Records for the exercise:
* * * * * * *

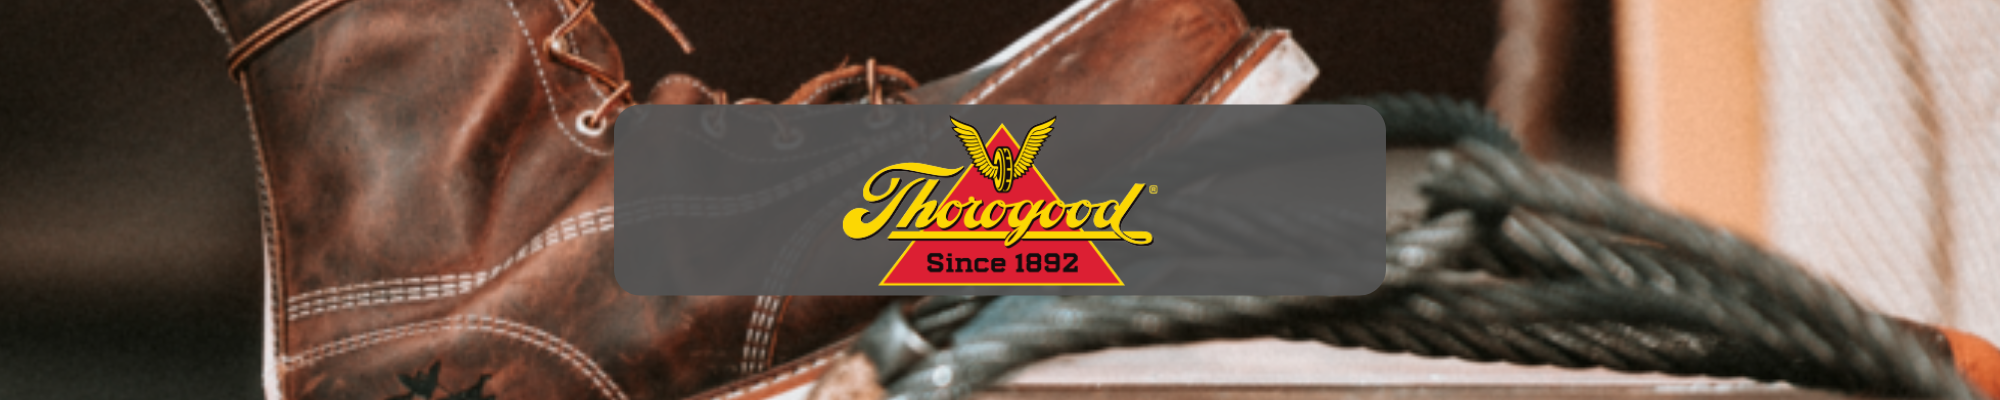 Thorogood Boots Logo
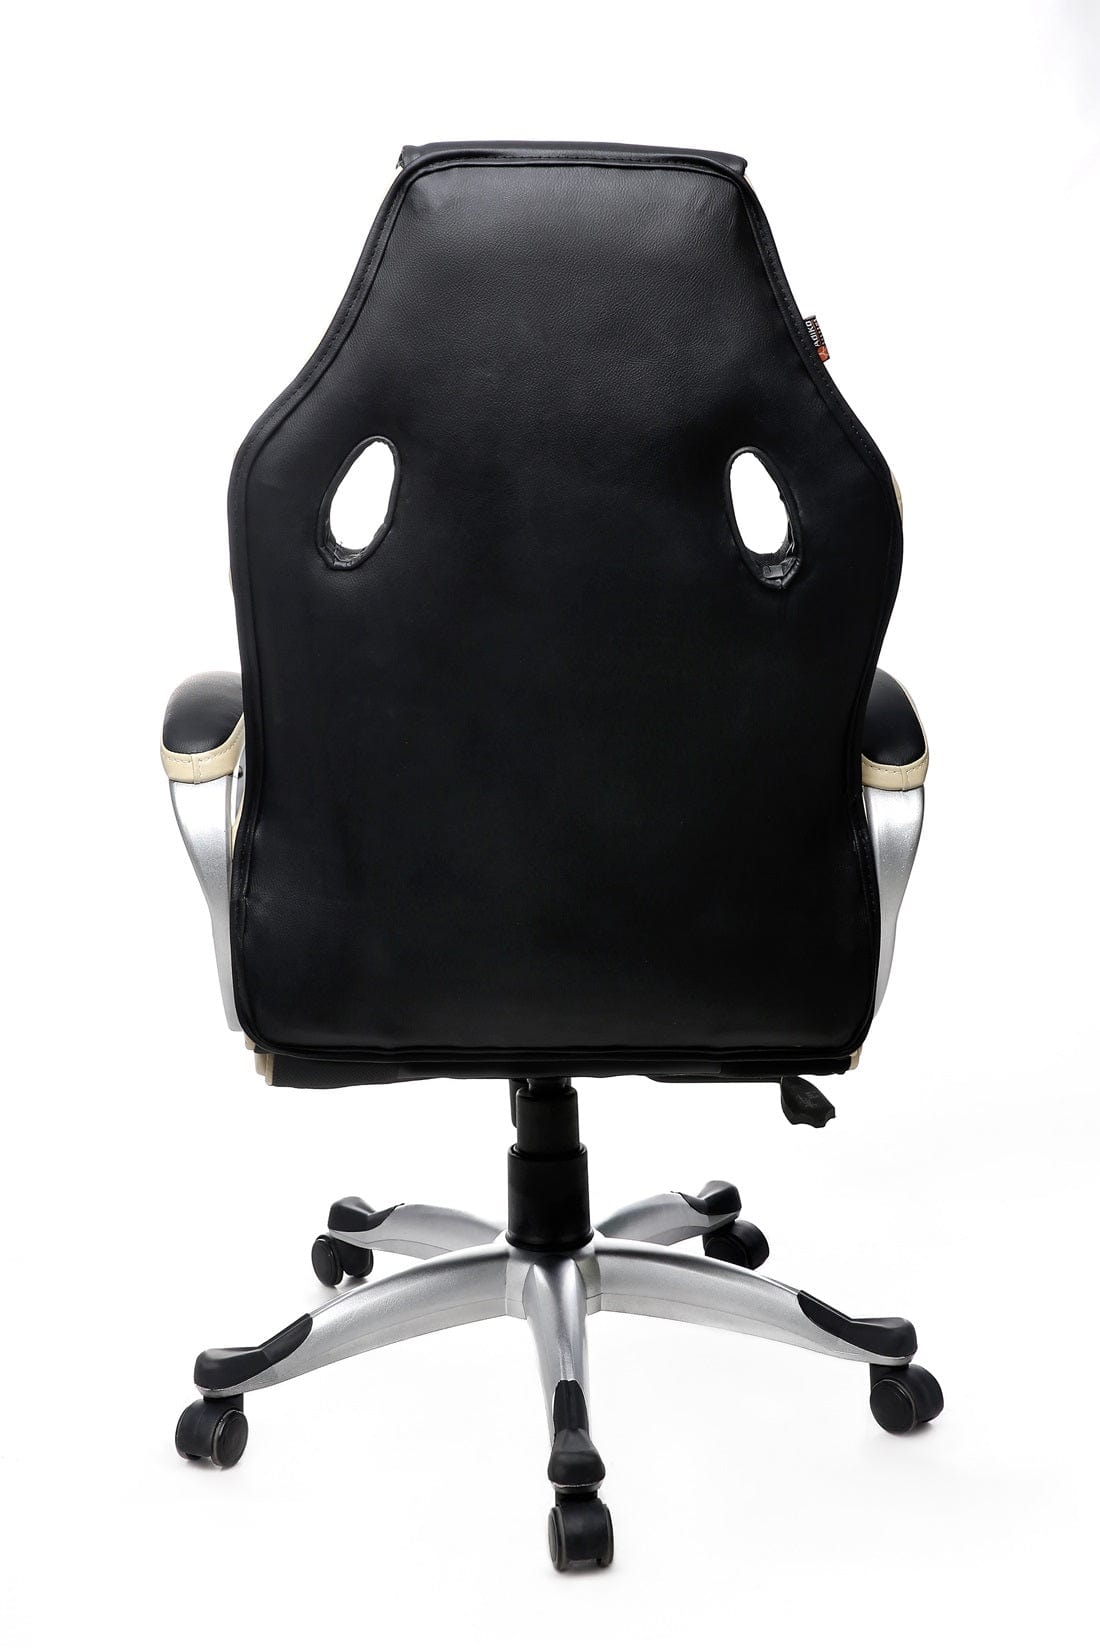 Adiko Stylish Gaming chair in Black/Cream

* * * * * * *

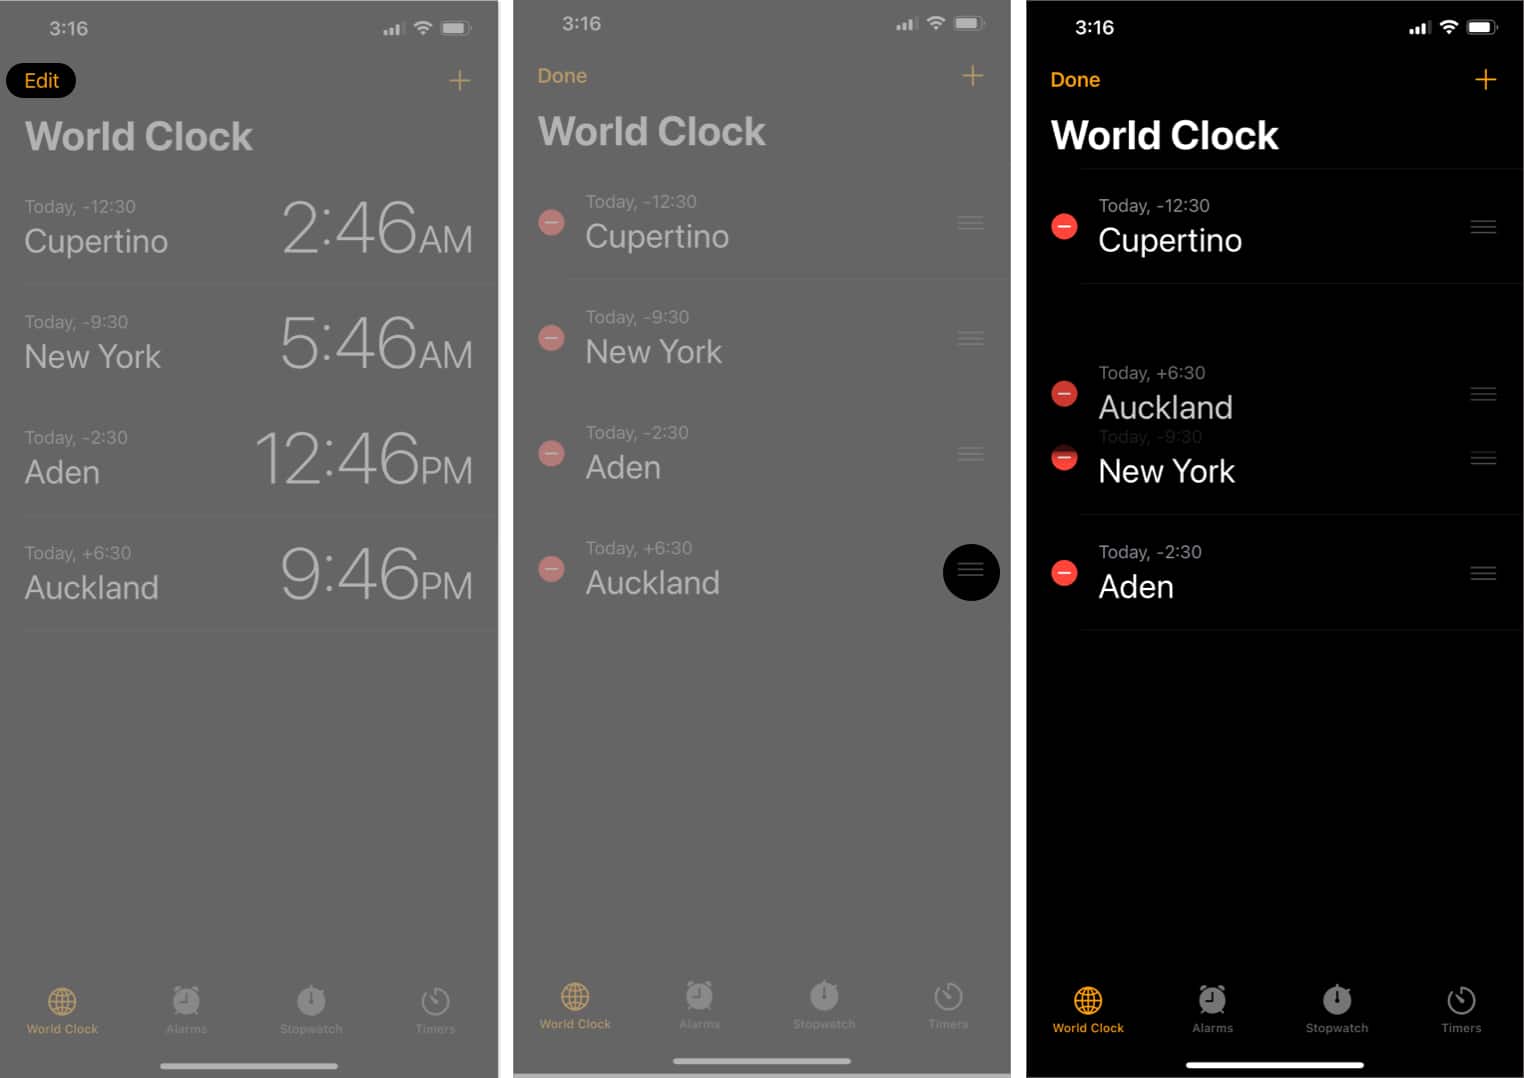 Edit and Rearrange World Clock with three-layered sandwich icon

* * * * * * *

What you are asked to do: Look back over the records above. Reproduce exactly everything from the line with "Thorogood Boots Logo" down to the line with "Adiko Stylish Gaming chair in Black/Cream", inclusive, and leave the pictures out.

Result for this task:
 Thorogood Boots Logo
 Adiko Stylish Gaming chair in Black/Cream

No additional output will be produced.